Video of the explosion late Tuesday at the Ahli Arab Hospital in Gaza quickly circulated on television and social media, sparking outrage and protests in countries across the region.
But U.S. President Joe Biden, speaking during a visit to Tel Aviv on Wednesday, said U.S. intelligence indicates Israel is not to blame.
"Based on the information we've seen to date; it appears as a result of an errant rocket fired by a terrorist group in Gaza," Biden said.
U.S. defense and intelligence officials Wednesday declined to elaborate on the president's assessment, but said it draws on multiple sources.
The evaluation is "based on analysis of overhead imagery, intercepts and open-source information," said U.S. National Security Council spokesperson Adrienne Watson, adding that all currently available intelligence points to the same conclusion.
"Israel is not responsible for the explosion at the hospital in Gaza yesterday," she said.
Key U.S. lawmakers who reviewed the intelligence agree.
"We feel confident that the explosion was the result of a failed rocket launch by militant terrorists and not the result of an Israeli airstrike," Senate Intelligence Committee Chairman Mark Warner and Vice Chairman Marco Rubio said in a statement following a briefing Wednesday.
Israel itself also has shared evidence that it says exonerates its forces, including what it says is an intercepted audio recording of two Hamas operatives talking about the explosion shortly after it happened.
"They are saying it belongs to Palestinian Islamic Jihad," one of the operatives says in the recording, according to a translation provided by the Israel Defense Forces, or IDF.
"Is it from us?" asks the second alleged Hamas operative.
The first operative responds, "It looks like it."
The IDF also released drone video taken of the Ahli Arab Hospital and its surroundings before and after the explosion, showing where a fire ravaged part of the hospital's parking lot and damage from shrapnel.

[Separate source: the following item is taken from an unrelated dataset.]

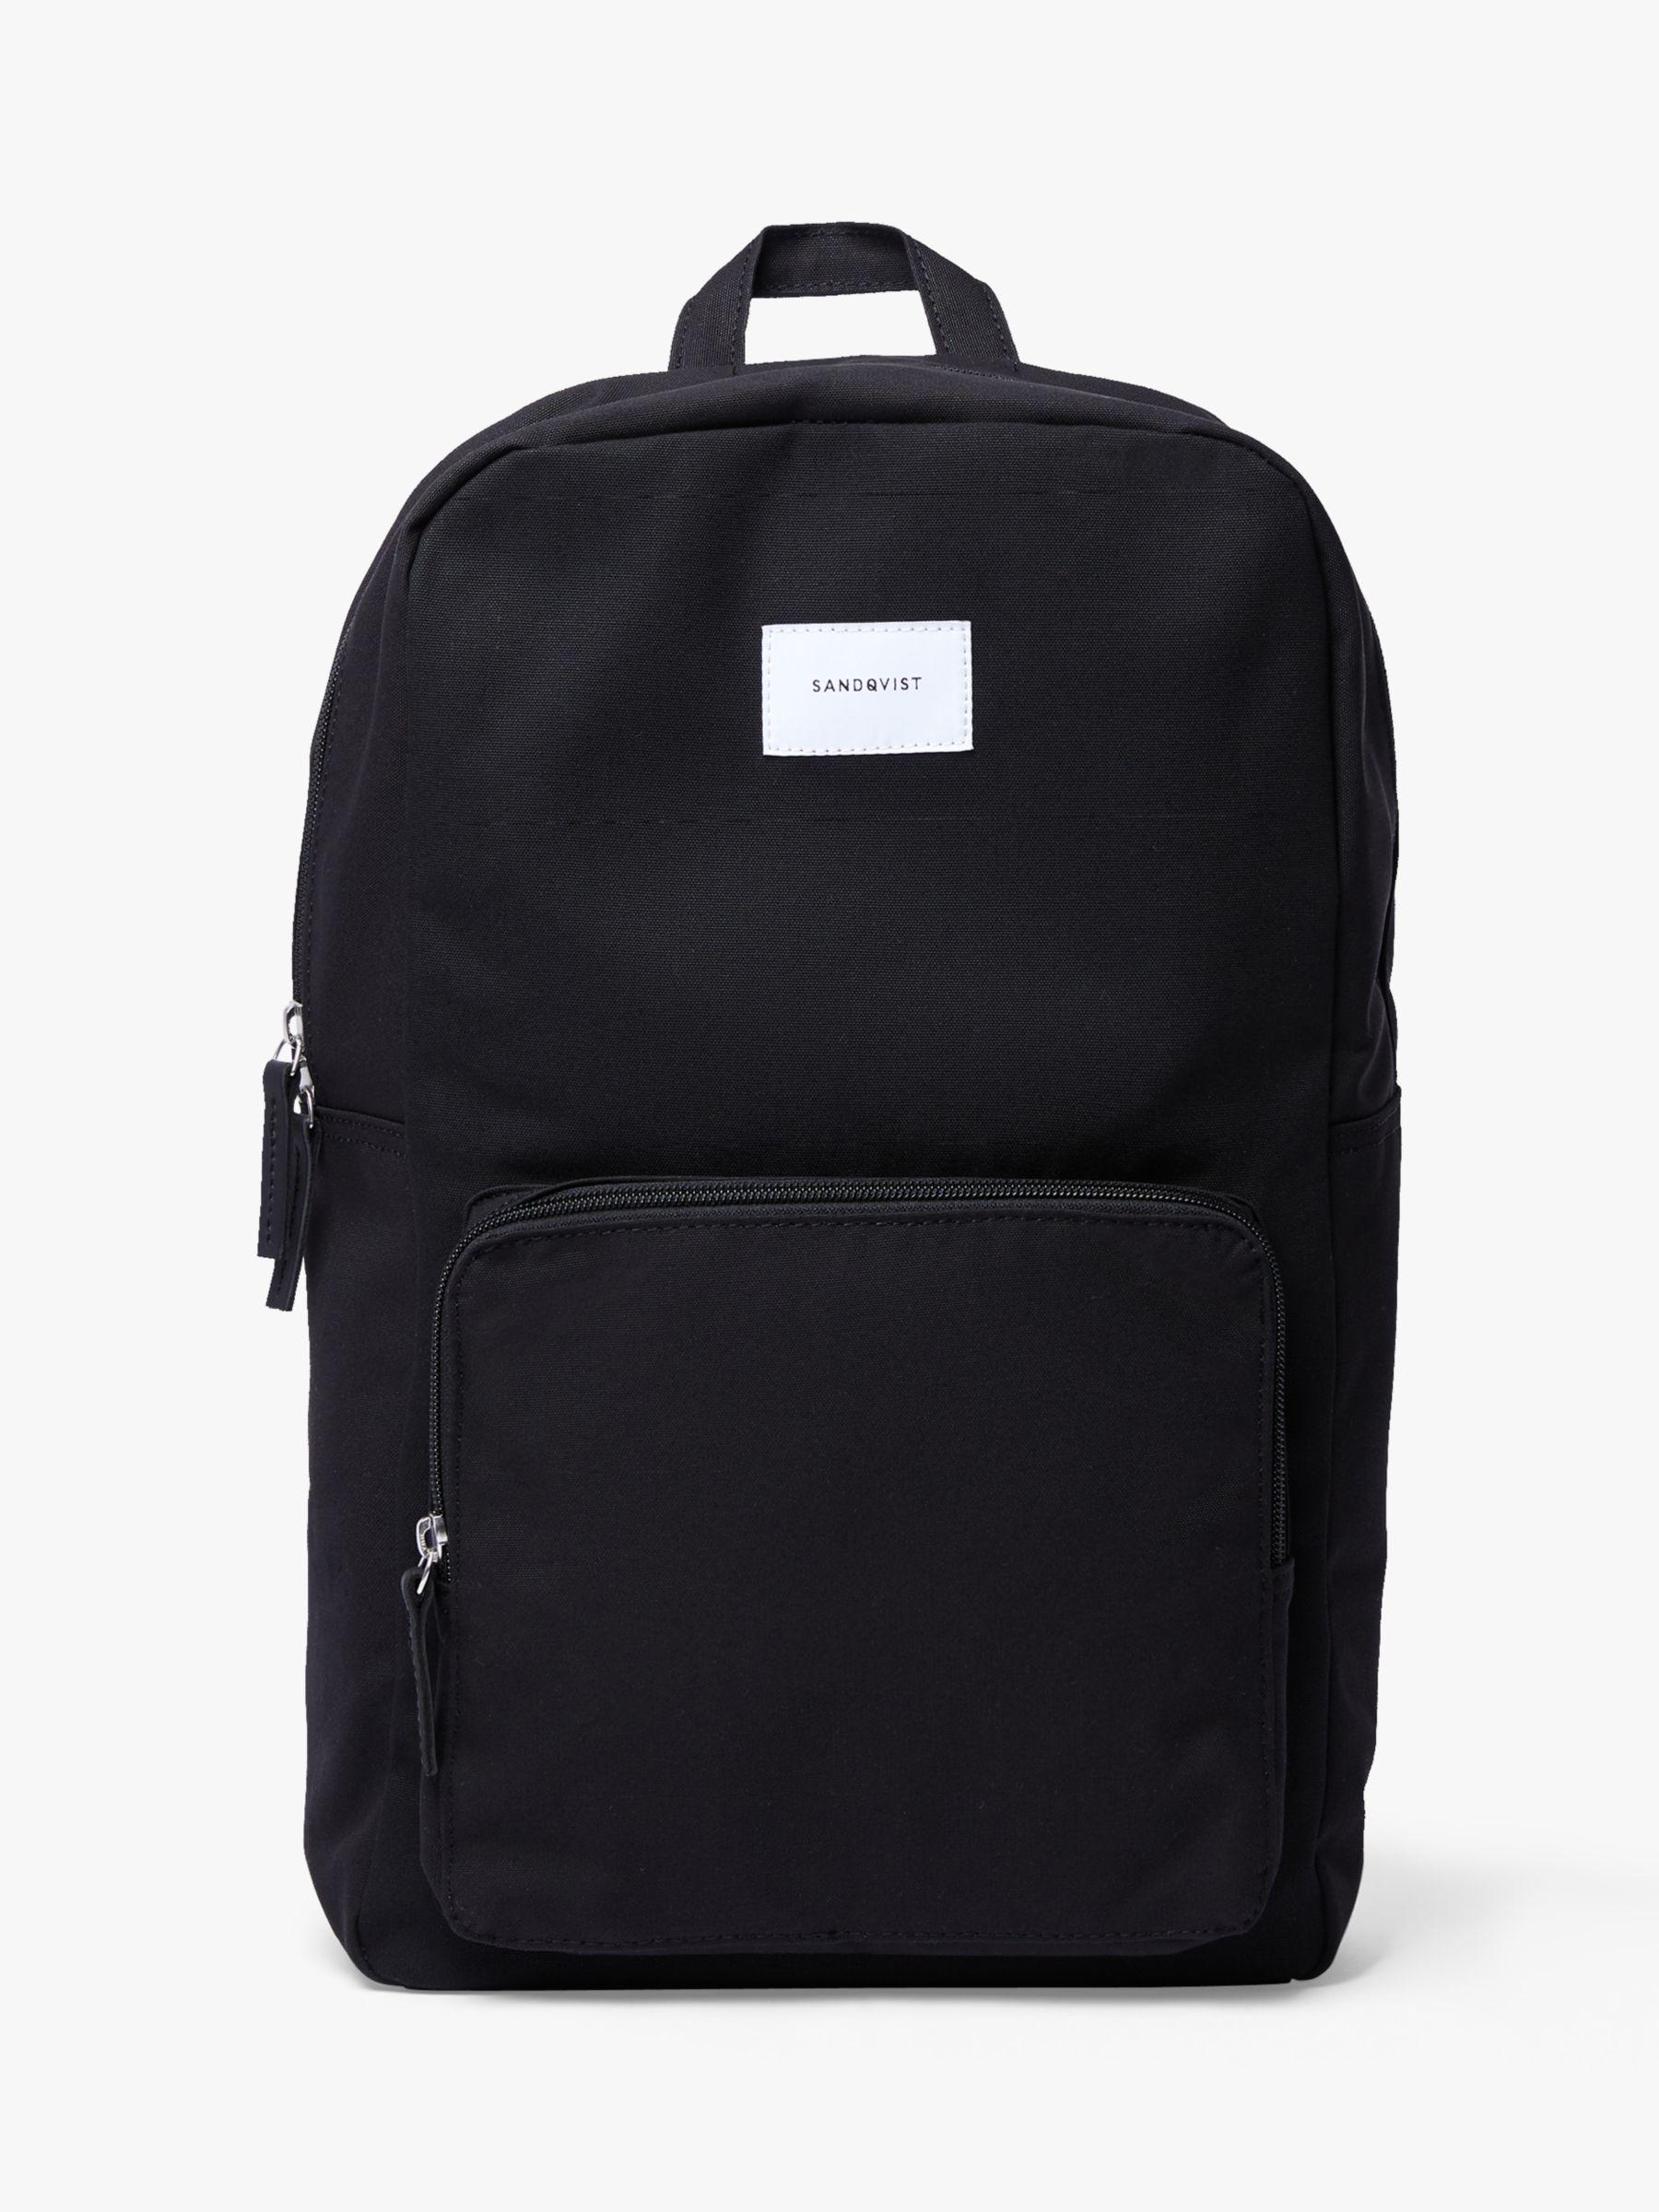 Sandqvist Sandqvist Kim Grand Organic Cotton Backpack, Black

But the IDF said there is no evidence of a significant crater, which would have been created had the blast been caused by Israeli ordinance.
Some videos and images posted Wednesday on social media, however, do show what might be an impact crater.
"The ground surrounding one side of the crater shows a cone of scarring and pitting, consistent with the explosion of a munition at this site," according to an initial analysis published by Bellingcat, a fact-checking and open-source intelligence group based in the Netherlands.
"Objects within this cone appear to have suffered extensive damage, including a fence which was largely destroyed by the explosion," the Bellingcat analysis added.
But Bellingcat also said, "the impact point does not appear to be consistent with the 500, 1,000 or 2,000-pound bombs used in [Israeli] Joint Direct Attack Munitions, or JDAMs."
Hamas, which decried the explosion Tuesday as a "crime of genocide that once again reveals the ugly face of this criminal enemy and its fascist and terrorist government," leveled more criticism at Israel and the U.S. Wednesday.
"The U.S. adoption of the Israeli narrative makes it involved in the Gaza massacres," the militant group said in a statement, in English, on its Telegram channel Wednesday.
"The U.S. administration's continued adoption of the Zionist narrative, which is based on lies and false claims, confirms that Washington is blindly biased toward the Israeli occupation," it said. "This policy also means that the U.S. is a direct partner with the occupation leaders in the massacres committed every minute in the already blockaded Gaza Strip."
The U.S. had also been bolstering its intelligence gathering capabilities in the region in the days before the explosion at the hospital in Gaza City.
A senior U.S. defense official said last week that the USS Gerald R. Ford Carrier Strike Group was sent to the eastern Mediterranean, in part, because of its ability to carry out intelligence collection.